Beginning with the line containing "Blackspade Erkek Çorap 9903 - Kahverengi", write out each line exactly through the end of the listing, and skip all pictures.

[DATASET CONTENT Boundary: Start]

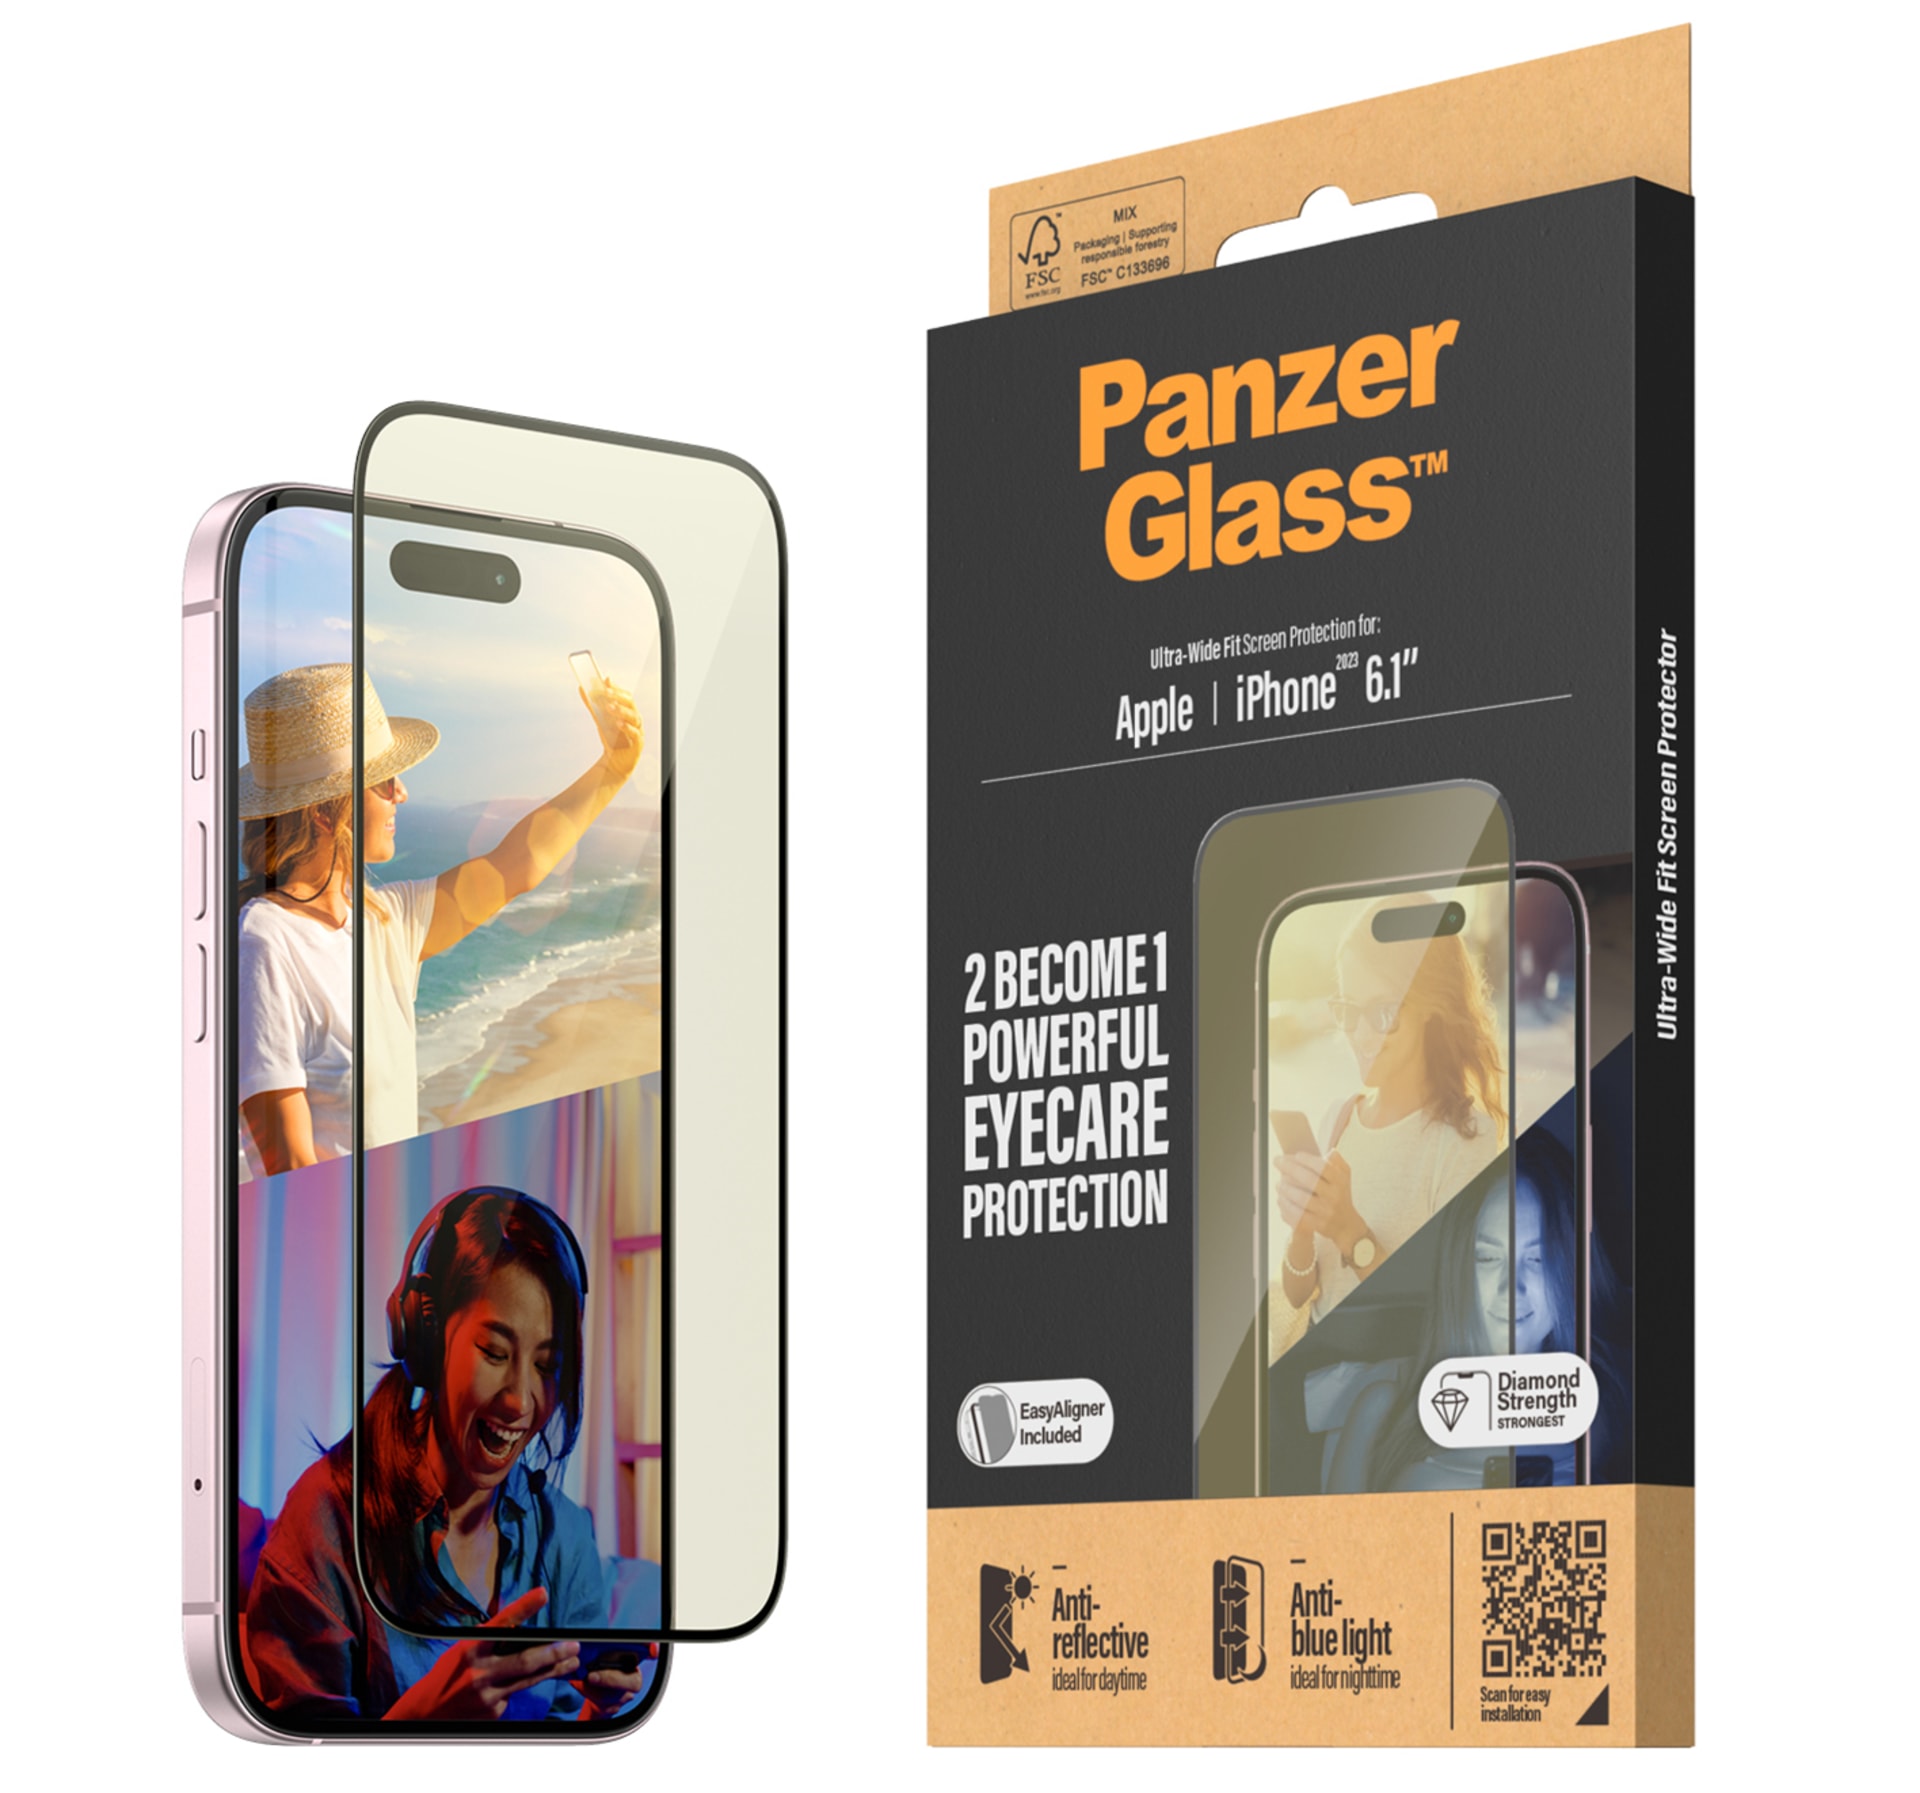 Nejprodávanější verze skel PanzerGlass, označovaná jako Ultra-Wide-Fit, je nabízena také ve verzi EyeCare, která kromě vašeho telefonu ochrání i vaše oči.
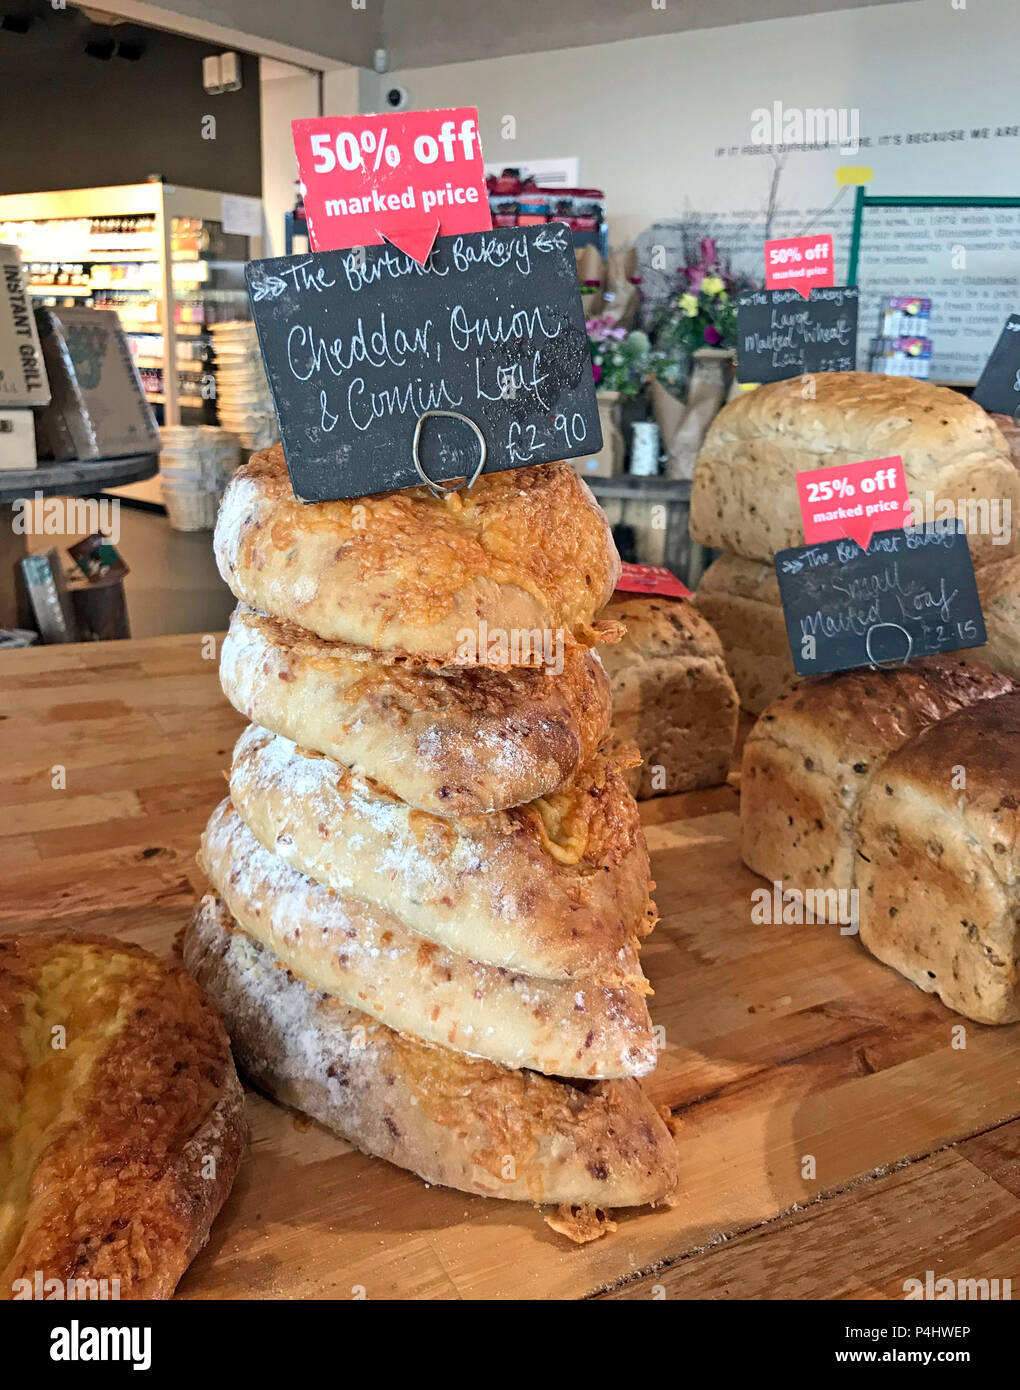 Du pain artisanal, M5 Boutique de la ferme de Gloucester, Gloucestershire, England, UK Banque D'Images
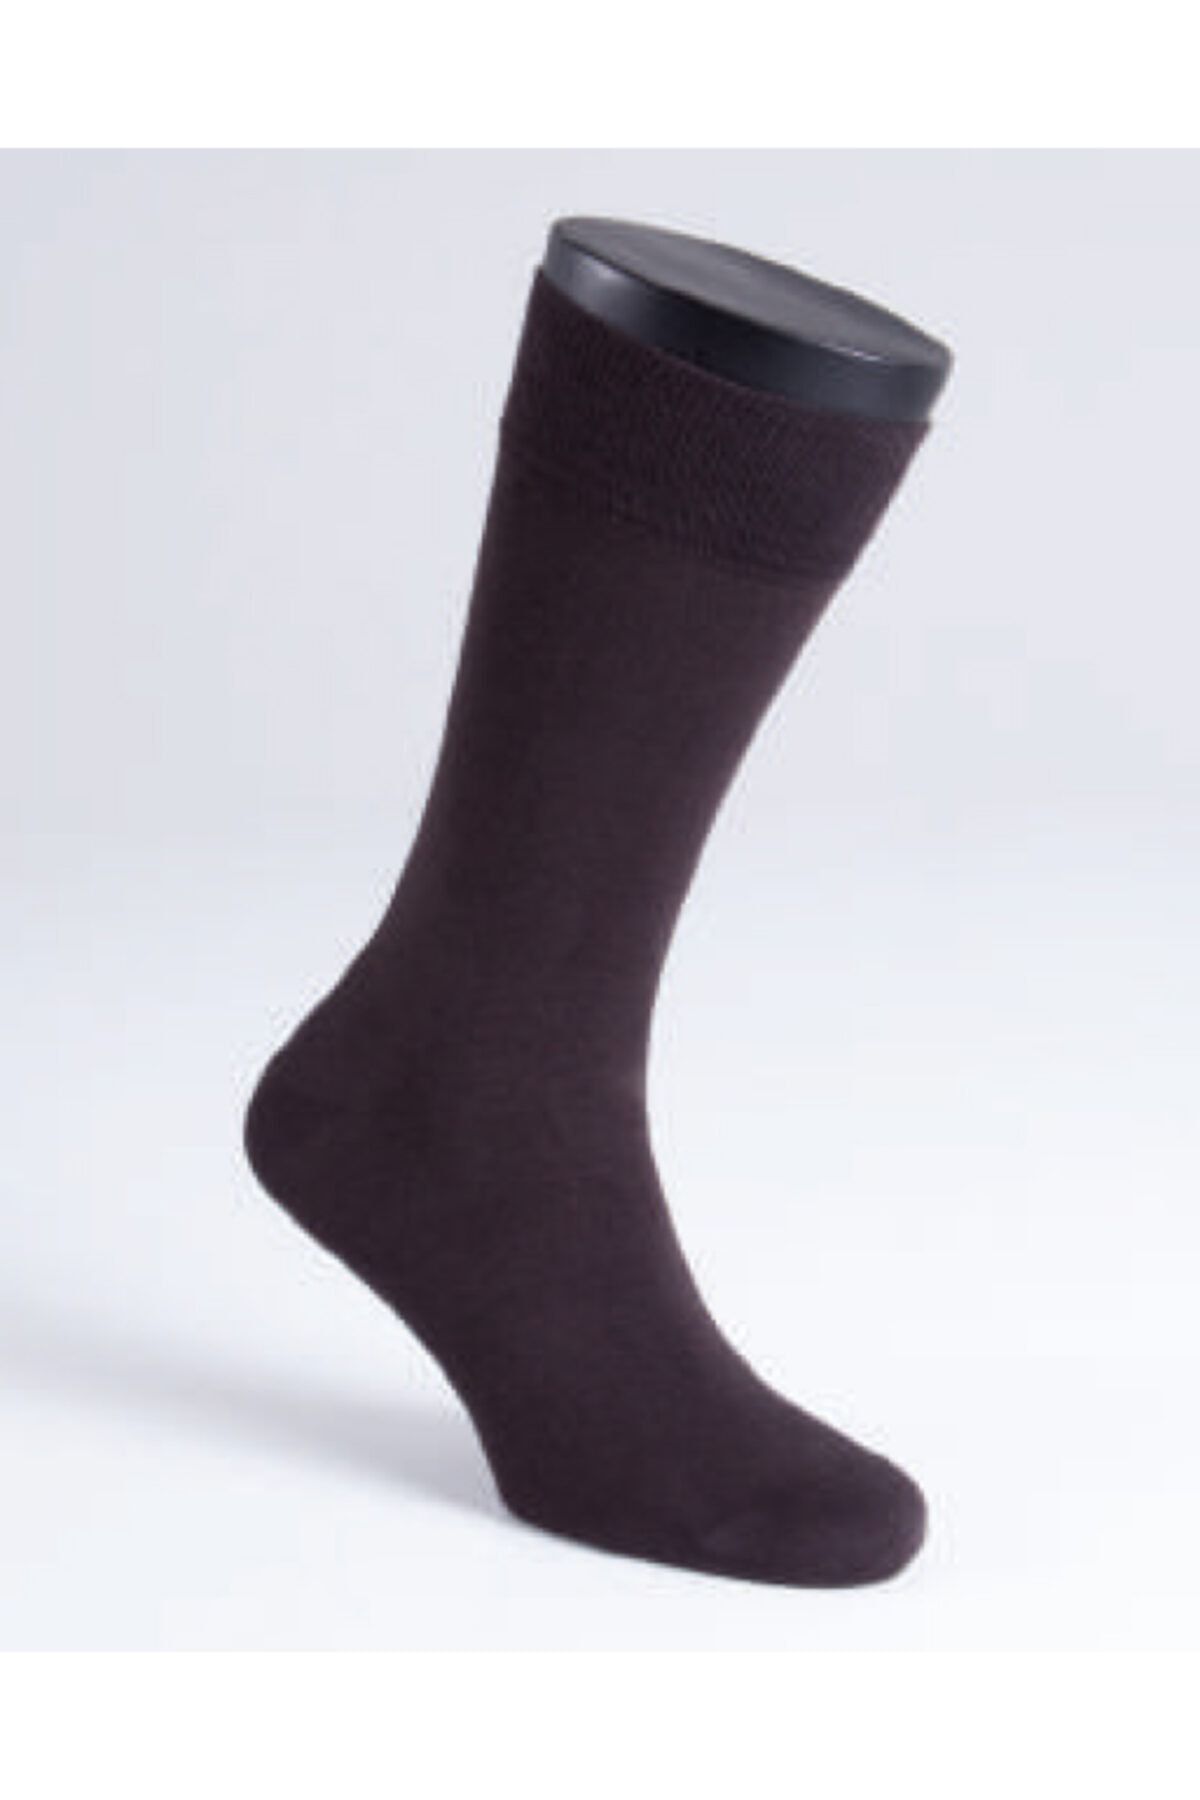 Blackspade Erkek Çorap 9903 - Kahverengi
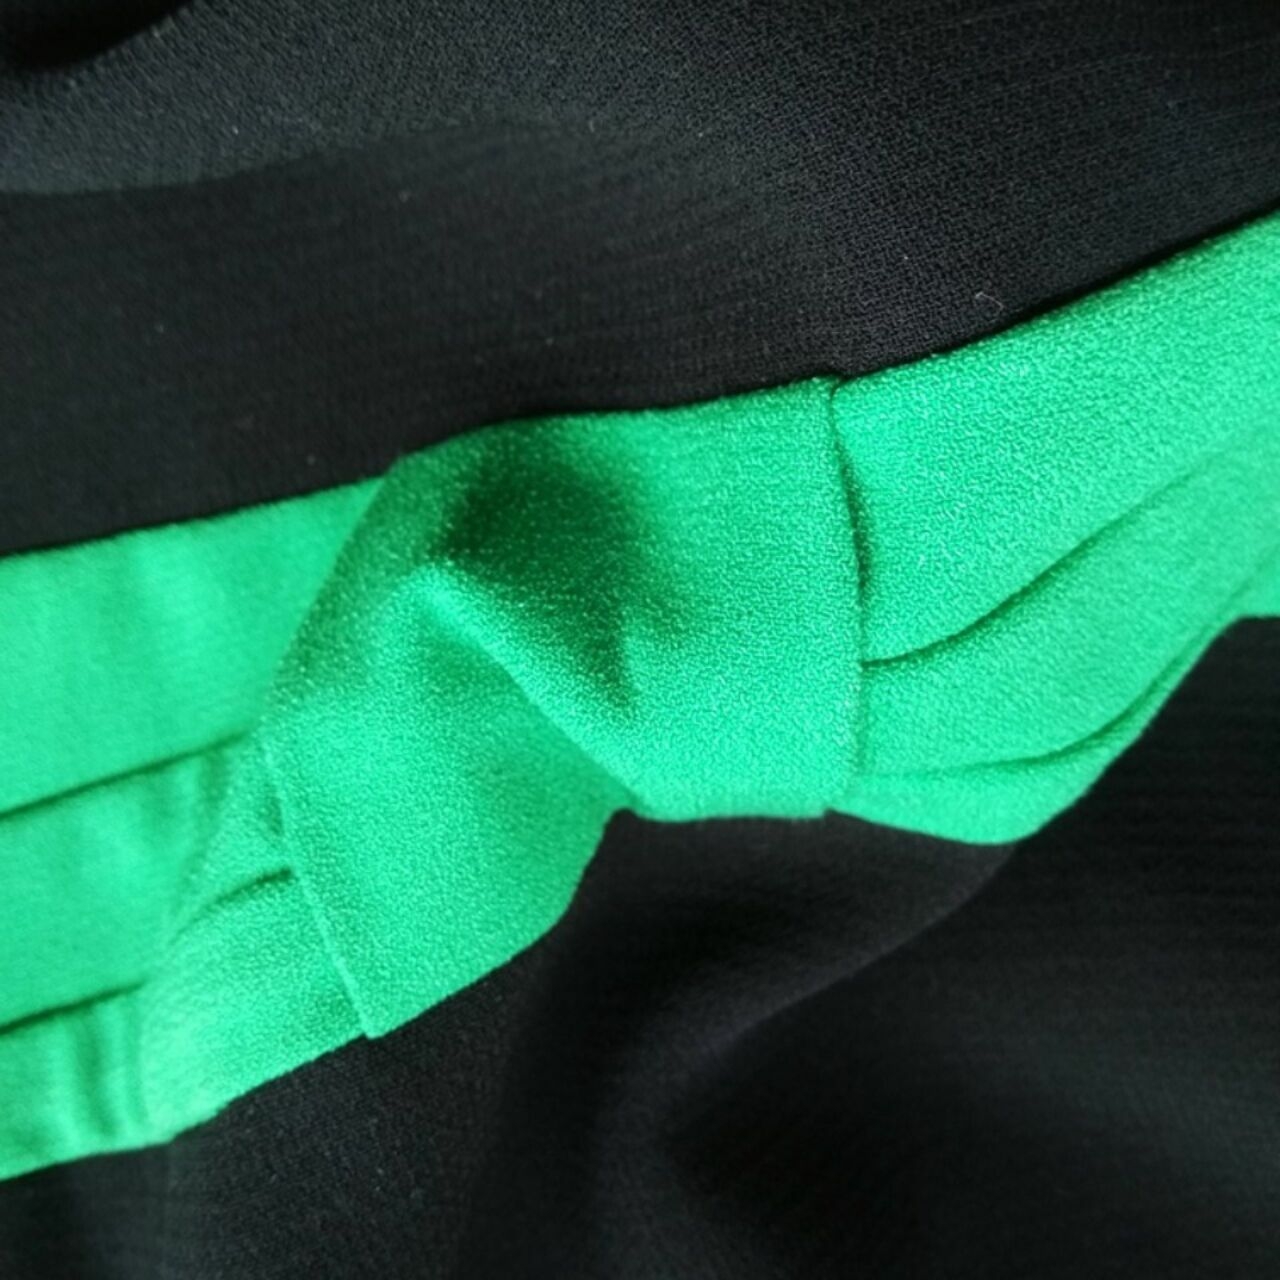 Tahari Black & Green Mini Dress

[DATASET CONTENT Boundary: End]

- TASK ANSWER -
 Blackspade Erkek Çorap 9903 - Kahverengi
 Tahari Black & Green Mini Dress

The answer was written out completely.